L’Agence des Micro Projets (AMP) et le GRoupement des Éducateurs sans Frontières (GREF) distinguent 4 étapes essentielles à franchir :
 

  • 1/ La création d’un poste d’enseignant : s’assurer qu’un poste rémunéré sera créé (de même pour le directeur de l’école), de la formation et la légitimité de l’enseignant, et essayer de le fidéliser (offrir un logement de qualité, préférer un enseignant de la localité…). Aujourd’hui, pour s’assurer la pérennité d’une action, beaucoup de structures décident de soutenir uniquement des projets déjà planifiés et financés par les autorités locales car le renforcement du système scolaire ne peut se faire qu’à travers une reconnaissance de ces autorités.
     
  • 2/ La construction-rénovation et l’équipement : s’assurer que l’accès au terrain soit obtenu officiellement, respecter les normes de constructions et d’équipements agréés par l’État, anticiper les autorisations ministérielles, veiller au suivi des travaux, au stockage du matériel, à l’implication de la main d’œuvre locale, etc.
     
  • 3/ Le fonctionnement de l’école doit être confié à un comité local de gestion dont le renforcement des compétences doit faire partie intégrante du projet. À terme, l’établissement scolaire devra acquérir son autonomie financière (cotisation des parents, développement d’activités génératrices de revenus, reconnaissance officielle par l’État, utilisation des bâtiments à d’autres occasions…).
    « Comment mettre en œuvre une activité génératrice de revenus dans le cadre d’un microprojet de solidarité internationale ? » : consulter le guide réalisé par l’Agence des Micro Projets.
     
  • 4/ La fréquentation de l’école peut être garantie si le projet a réellement été souhaité par la communauté bénéficiaire et avec son implication financière, si les parents sont convaincus de l’importance d’une éducation formelle (sensibilisation au préalable, transparence tout au long de la démarche) ou encore si le lieu est suffisamment propice à l’apprentissage (accès à l’eau et à l’assainissement, cantine, terrain de jeux…).

 

Consulter la fiche de capitalisation d’expériences « Mise en œuvre d’un microprojet d’accès à l’éducation de base en zone rurale : de la théorie à la pratique », réalisée par l’AMP et le GREF.

Consulter la fiche de capitalisation d’expériences « Bibliothèque, médiathèque, ludothèque : quels prérequis à leur mise en place ? », réalisée par l’AMP et Bibliothèque sans frontières.

Aux différentes étapes de votre projet, n’oubliez pas de consulter aussi la rubrique« Conseils méthodologiques» de Centraider.

 

Faut-il envoyer des livres ?

Des millions de personnes dans le monde n’ont pas accès aux livres et à la lecture tandis que les étagères se remplissent dans les pays occidentaux.

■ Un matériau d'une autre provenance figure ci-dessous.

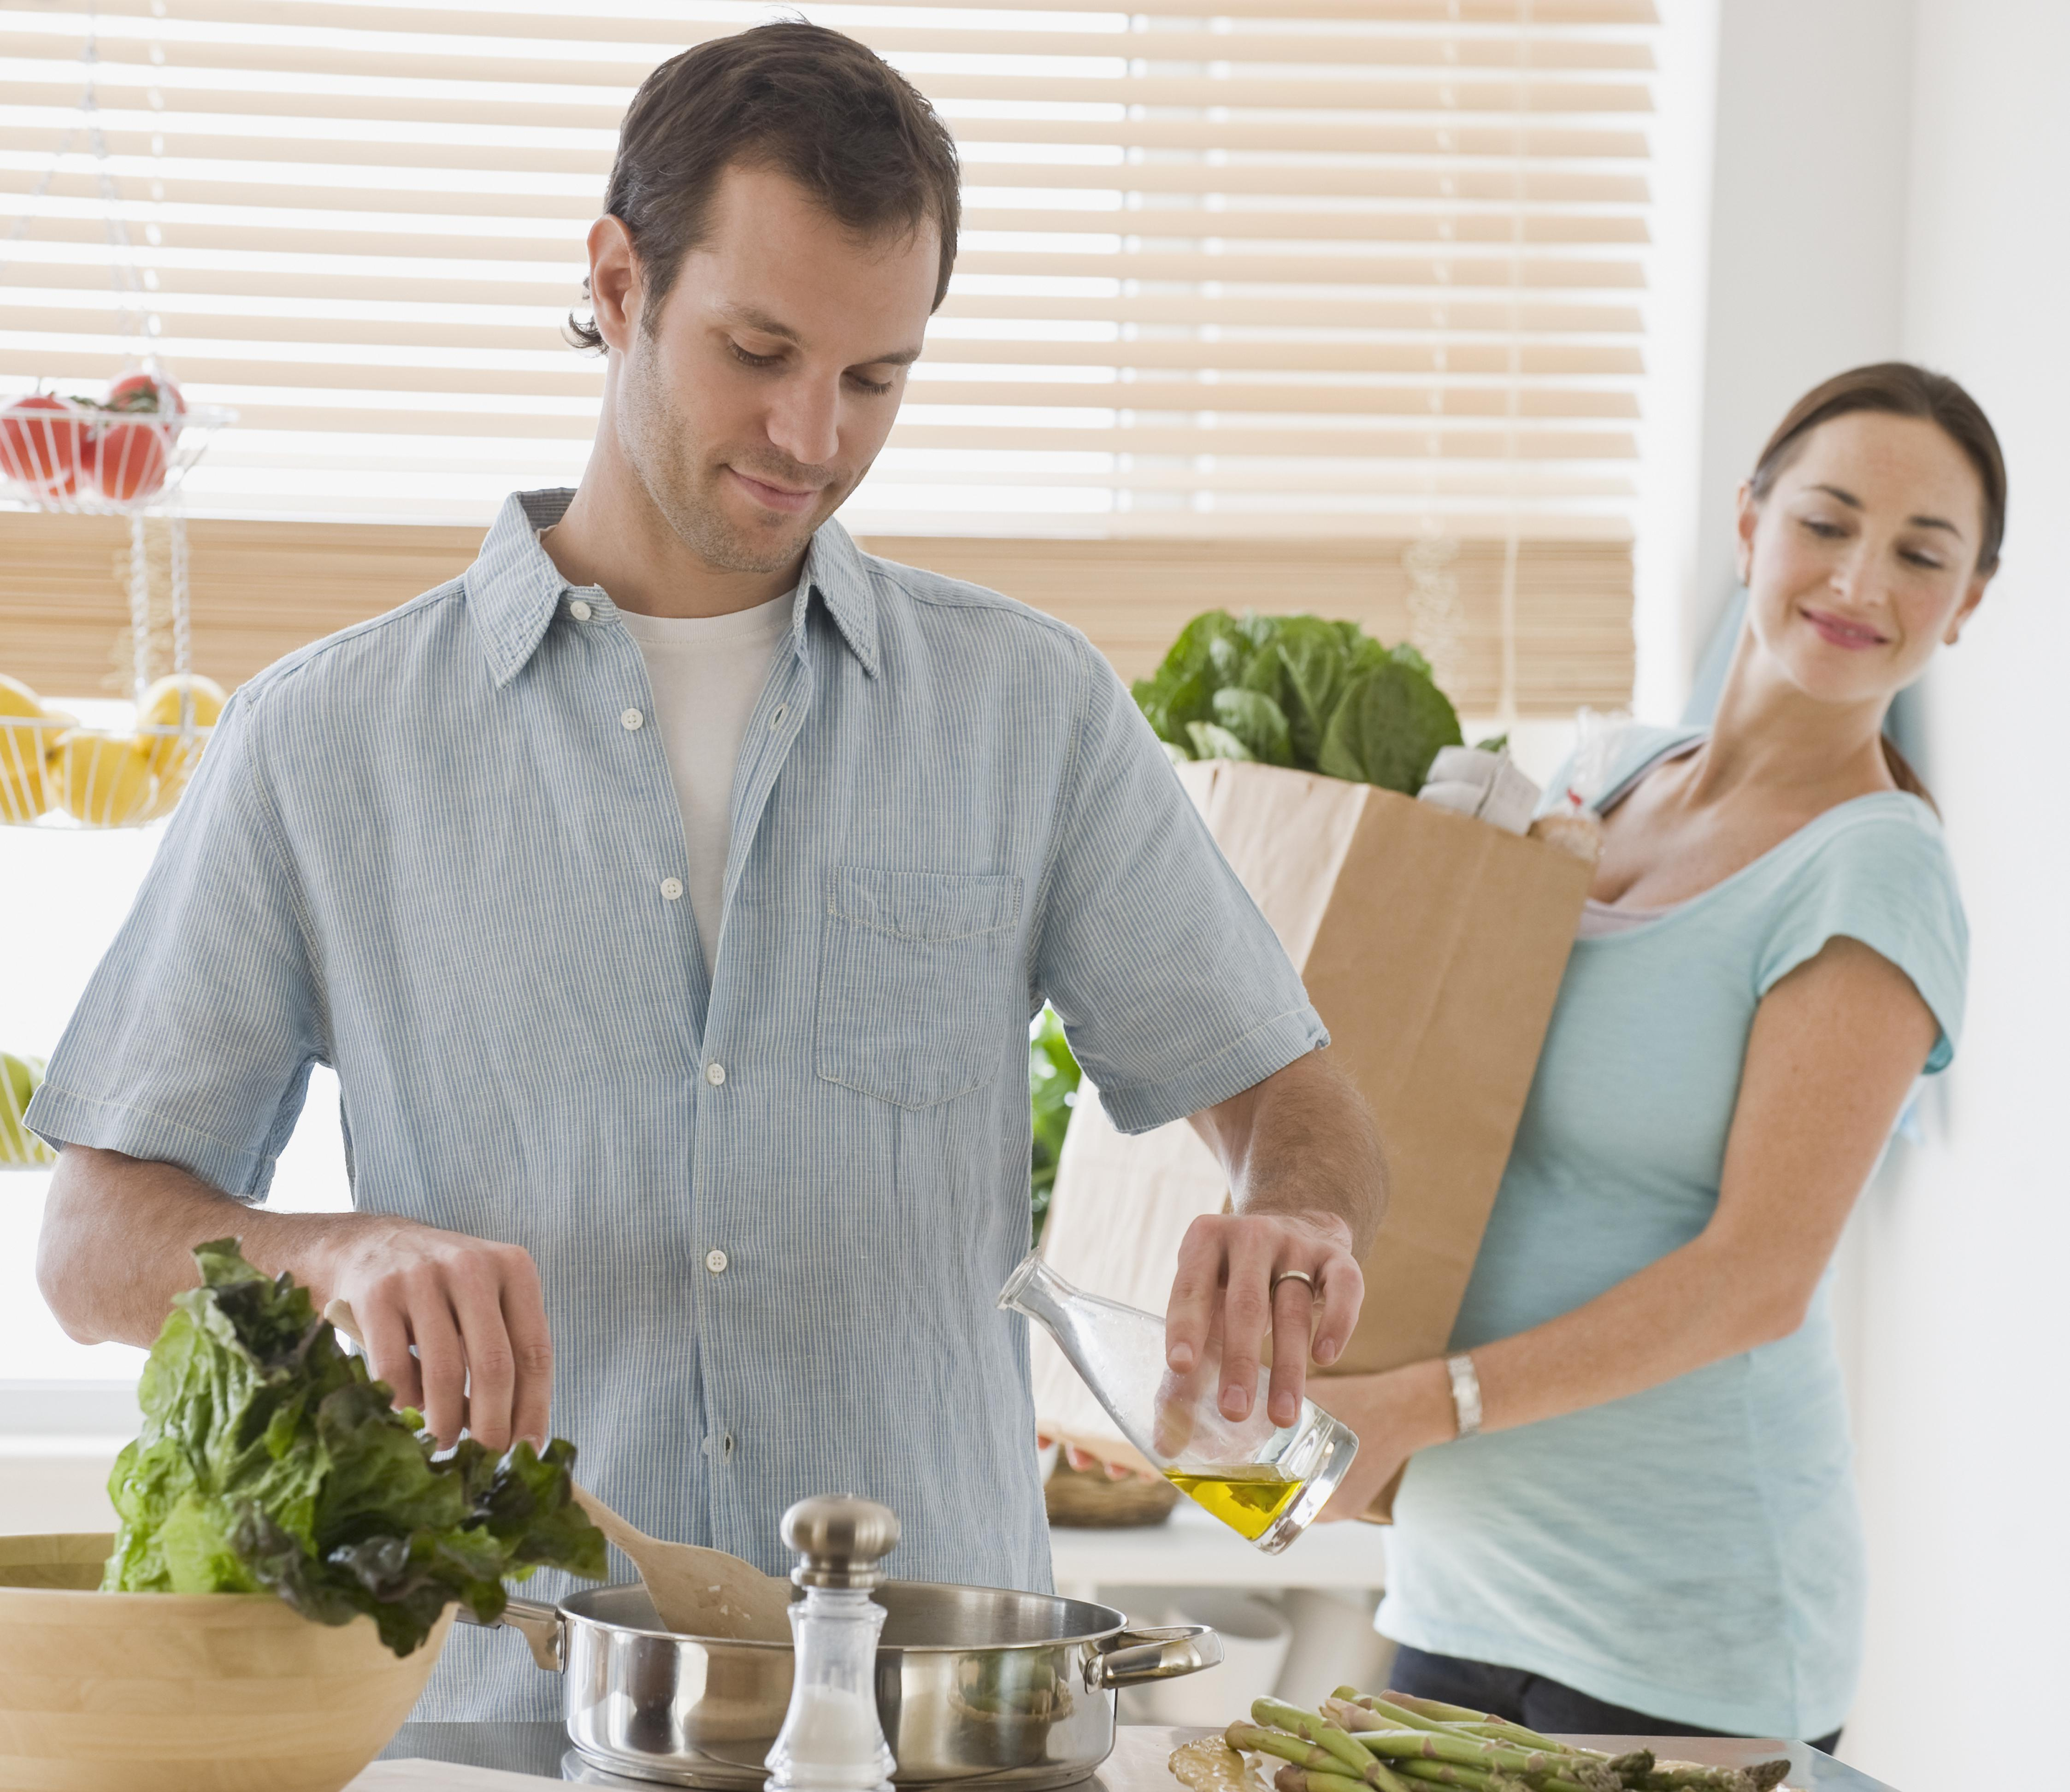 Hispanic couple preparing food

Si le don de livres part d’un bon sentiment et peut se justifier dans certaines conditions (s’il fait partie d’un projet plus large), l’envoi de manuels scolaires est lui proscrit. Il convient d’être vigilant sur plusieurs aspects :
Un livre est un objet culturel qui véhicule des valeurs, une pédagogie, une histoire, des lois ou encore des personnalités célèbres propres à une nation et donc inadaptées à une autre.

  • Le don concurrence le marché local (éditeurs, libraires) et peut ainsi être source de tensions locales.
     
  • La logistique et son coût sont lourds : stockage, conditionnement, chargement du camion et empotage du conteneur, transport, assurance, déchargement, rémunération des intermédiaires, taxes diverses et droits de douanes, acheminement final aux bénéficiaires.

     
  • Beaucoup de dons concernent des manuels obsolètes. Une étude récente de l’Unesco (en anglais) montre d’ailleurs comment les manuels d’enseignement secondaire des années 1950 à 2011 ne prennent pas en compte ou présentent une image faussée de priorités pour le développement durable.
     
  • L’envoi de livres pose la question du coût écologique (gestion des déchets, recyclage).
     
  • Il pose aussi la question de la dépendance à l’aide internationale et du renforcement des préjugés à l’égard des populations du sud.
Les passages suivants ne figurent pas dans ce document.